### [Collected material]
□ □ □

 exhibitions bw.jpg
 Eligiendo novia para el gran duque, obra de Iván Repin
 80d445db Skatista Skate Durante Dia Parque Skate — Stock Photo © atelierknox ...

□ □ □

### [Problem]
Return all of the material above exactly as it stands.

### [Response area]
 exhibitions bw.jpg
 Eligiendo novia para el gran duque, obra de Iván Repin
 80d445db Skatista Skate Durante Dia Parque Skate — Stock Photo © atelierknox ...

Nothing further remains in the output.